More fundamentally, there is a tension at the heart of the piece's central thesis that remains unresolved. The narrative champions remaining neutral, choosing empathy and peaceful options over picking a side through protest or war. This is an aspirational position, and one that is presented with evident sincerity. Yet the piece never truly grapples with the brutality of the situation it depicts, the terror, the devastation, the reality that for most people caught within this conflict, neutrality is not a privilege they possess. Does remaining neutral and merely hoping for peace do anything to stop the atrocities? It is a question the piece raises implicitly but never confronts head-on, and its absence leaves a significant gap in what should be the work's most urgent argument.

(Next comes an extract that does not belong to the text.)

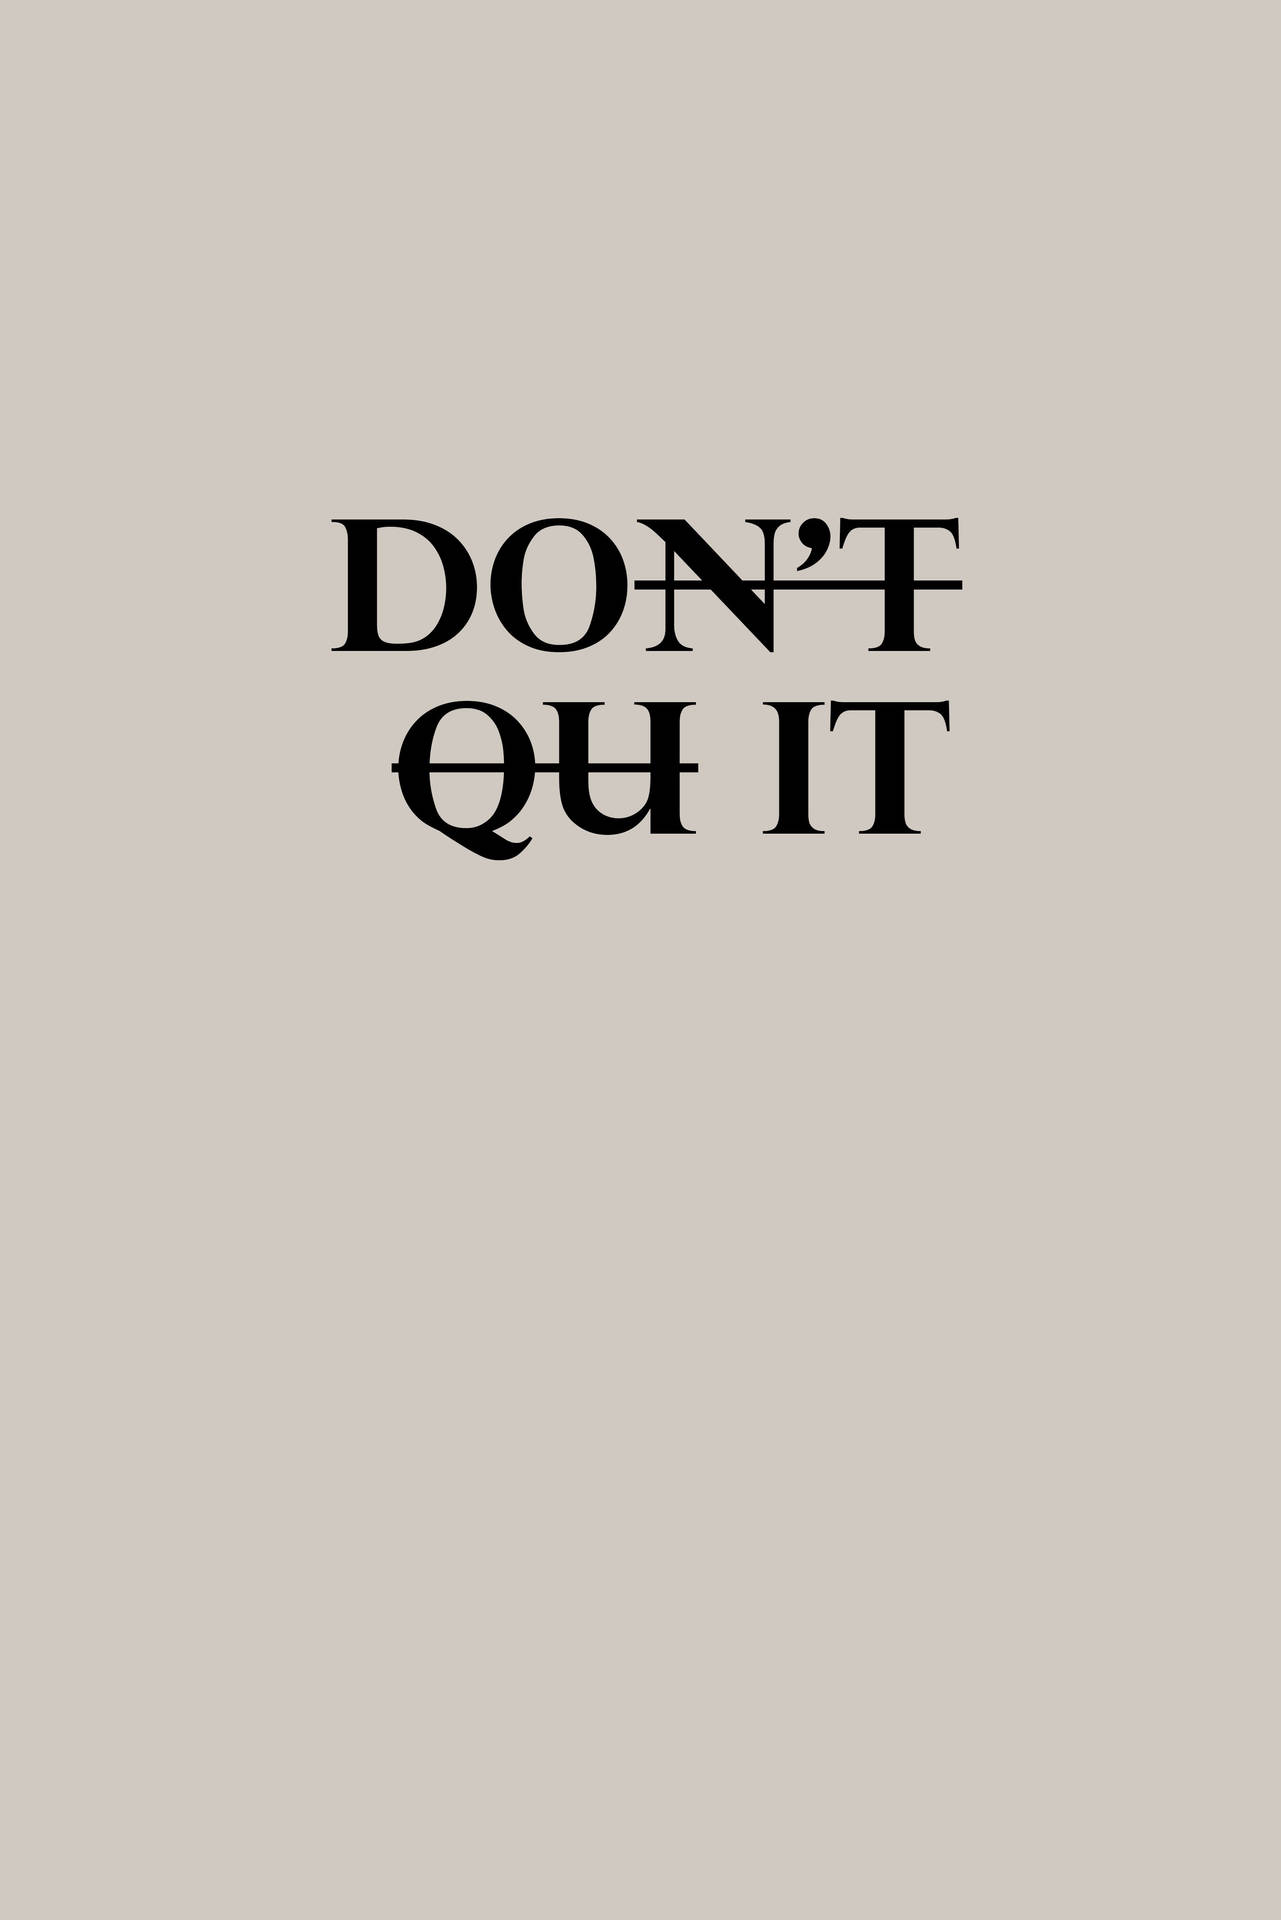 Don't Quit Minimalistic Cute Positive Quotes Wallpaper

Between The River And The Sea is a piece with genuine moments of poignancy, buoyed by a magnetic central performance and some inventive theatrical choices. When Sweid connects the personal to the political, particularly in those closing passages, the piece achieves something quietly powerful. Yet it never quite sustains this which, when combined with a reluctance to fully engage with the harsher realities of the conflict it addresses, prevents it from reaching the heights its most affecting moments promise. The intent is strong, and the performer charismatic, but the piece itself has not quite found the shape to match its ambition.